The marshal didn’t answer, seeming more interested in the sky, clouds coming in from way out over the ocean.

“Where you from anyway?”

“I live down in Miami.”

“I been there once or twice. Man, all the spies, huh? My dad’s never been to Palm Beach or seen the ocean. Never got any closer’n Twenty Mile Bend. You believe it? Spent his whole life over there around Belle Glade, Canal Point, Pahokee…” He waited, eyes on the road before saying, “You know, if we was to get off near Stuart we could take Seventy-six over to the lake, run on down to Belle Glade-it wouldn’t be more’n a few miles out of the way and I’d get to see my folks. I mean just stop and say hi, kiss my old mom…” Dale Junior turned to look at the marshal. “What would you say to that?” He waited and said, “Not much, huh?”

“Your old dad’s never been to Palm Beach or seen the ocean,” the marshal said, “but he’s been up to Starke, hasn’t he? He’s seen the Florida state prison. You have an uncle came out of there, Elvin Crowe, and another one did his time at Lake Butler. I think we’ll skip visiting any of your kin this trip.”

Dale Junior said, “My uncles’re both dead.”

And the marshal said, “By gunshot, huh? You understand how I see your people?”

Now he said, “You can speed it up some.”

Dale Junior looked over at him. “You want me to break the law?”
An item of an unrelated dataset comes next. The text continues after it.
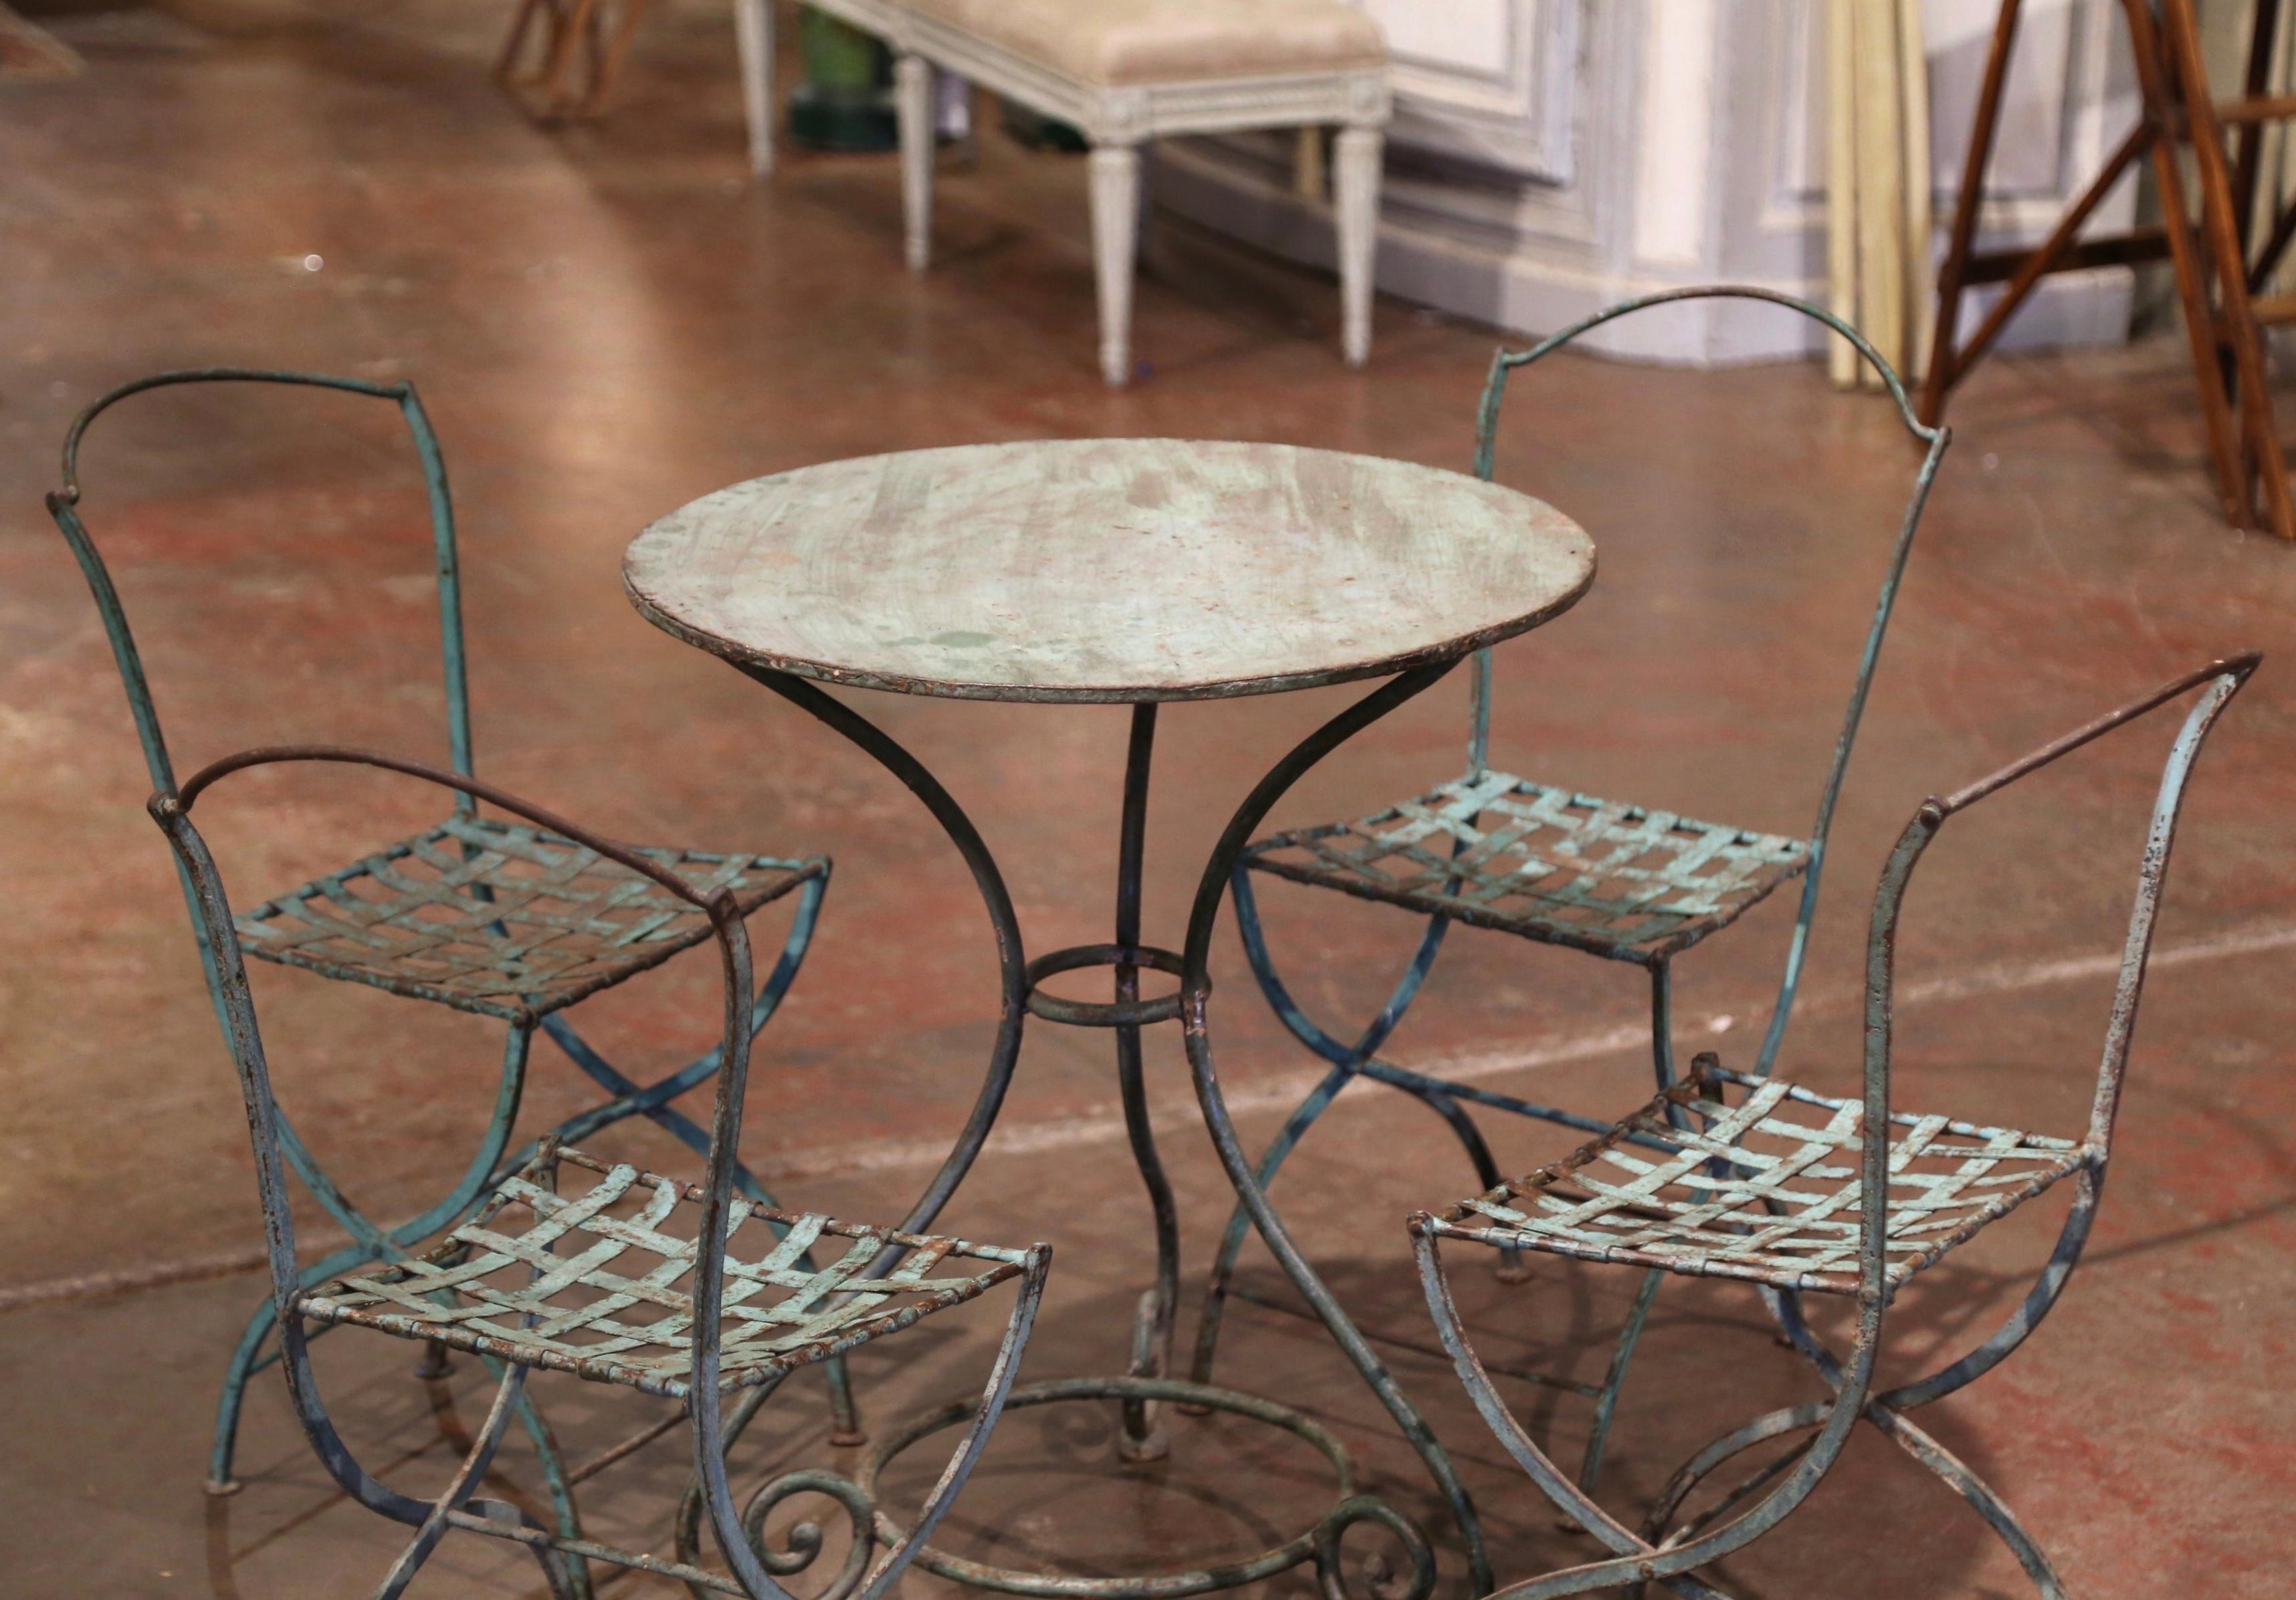 Decorate a backyard or a patio with this elegant antique bistrot set. Crafted in France circa 1880, the Napoleon III set includes a round pedestal table standing on three curved legs decorated with a circular bottom stretcher, and four matching

Raylan didn’t answer, staring at the open vista of flat land to the east, what he imagined the plains of Africa might be like.

“We could use some gas.”

“We’ll make it,” Raylan said.

“Fort Drum service plaza’s coming up.”

Raylan didn’t say anything to that.

“Aren’t you hungry?”

This time Raylan said, “I’ll see you get something at the jail.”

“I ain’t had a regular meal,” Dale Junior said, “since the day I was arrested, and you know what it was? A hamburger and fries, some onion rings. That night for supper I had potato chips. See, all day I was out looking for work. I had a job, working for a paint contractor? Scraped down and sanded this entire goddamn two-story house and the guy lets me go. That’s what they do, they use you. My trade, I drove a big goddamn cane truck from the fields to the sugarhouse-back before I had that trouble and had to take off. Now, the way the system works, what’s known as the free-enterprise system? They’re free to use you on some dirt job nobody wants and when you get done they fire you. Four dollars an hour, man, that’s the system, as good as it gets.”